## Your objective
Print every entry again exactly, with no pictures.

## Source data

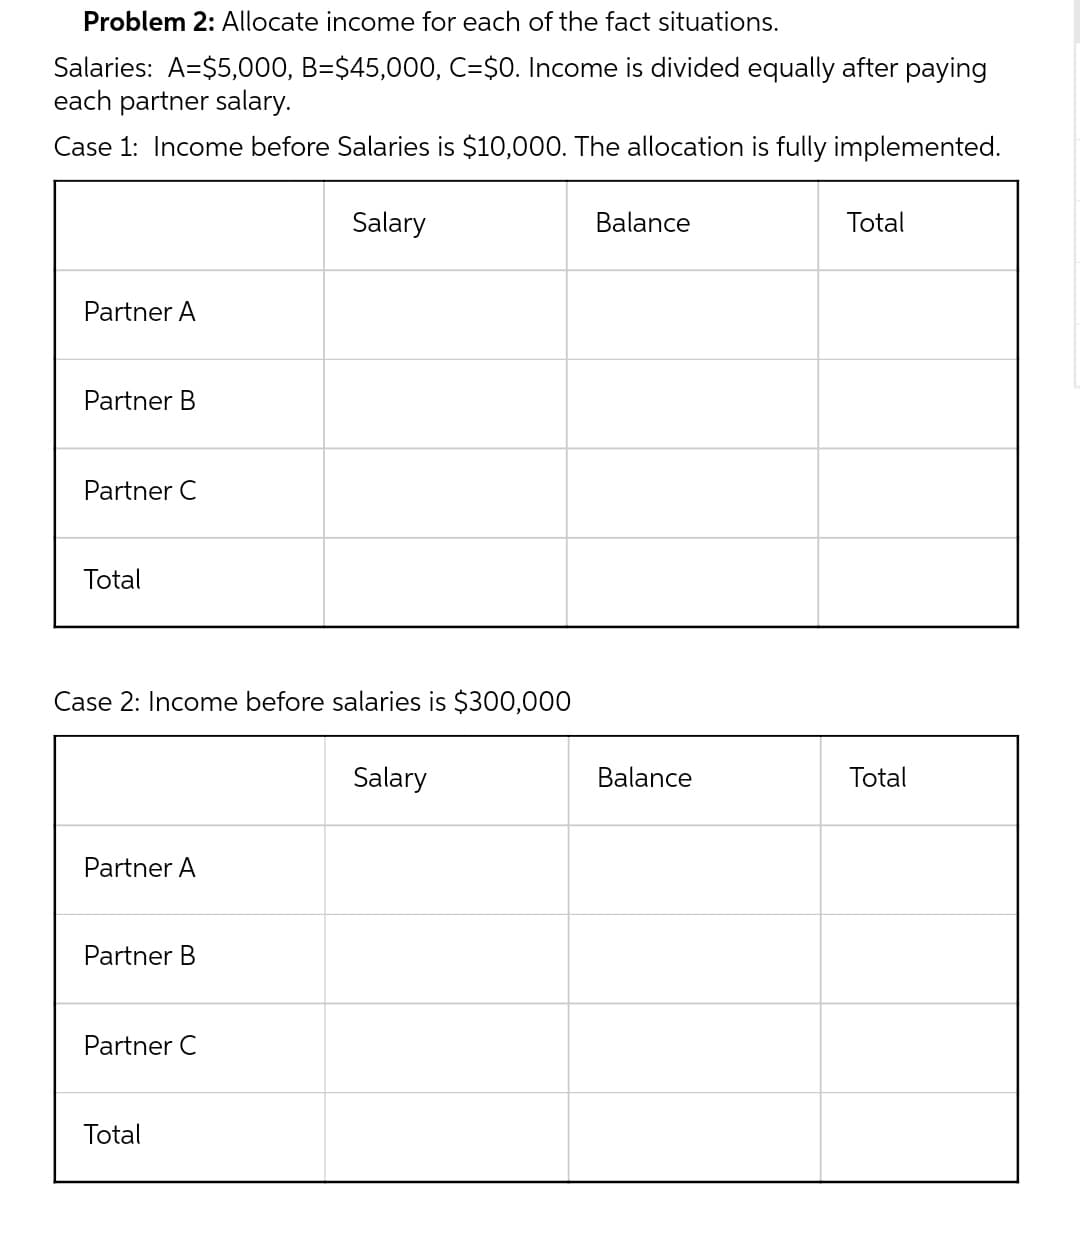 Problem 2: Allocate income for each of the fact situations.
Salaries: A=$5,000, B=$45,000, C=$0. Income is divided equally after paying
each partner salary.
Case 1: Income before Salaries is $10,000. The allocation is fully implemented.
Salary
Partner A
Partner B
Partner C
Total
Case 2: Income before salaries is $300,000
Partner A
Partner B
Partner C
Total
Salary
Balance
Balance
Total
Total

## The answer
 Problem 2: Allocate income for each of the fact situations.
Salaries: A=$5,000, B=$45,000, C=$0. Income is divided equally after paying
each partner salary.
Case 1: Income before Salaries is $10,000. The allocation is fully implemented.
Salary
Partner A
Partner B
Partner C
Total
Case 2: Income before salaries is $300,000
Partner A
Partner B
Partner C
Total
Salary
Balance
Balance
Total
Total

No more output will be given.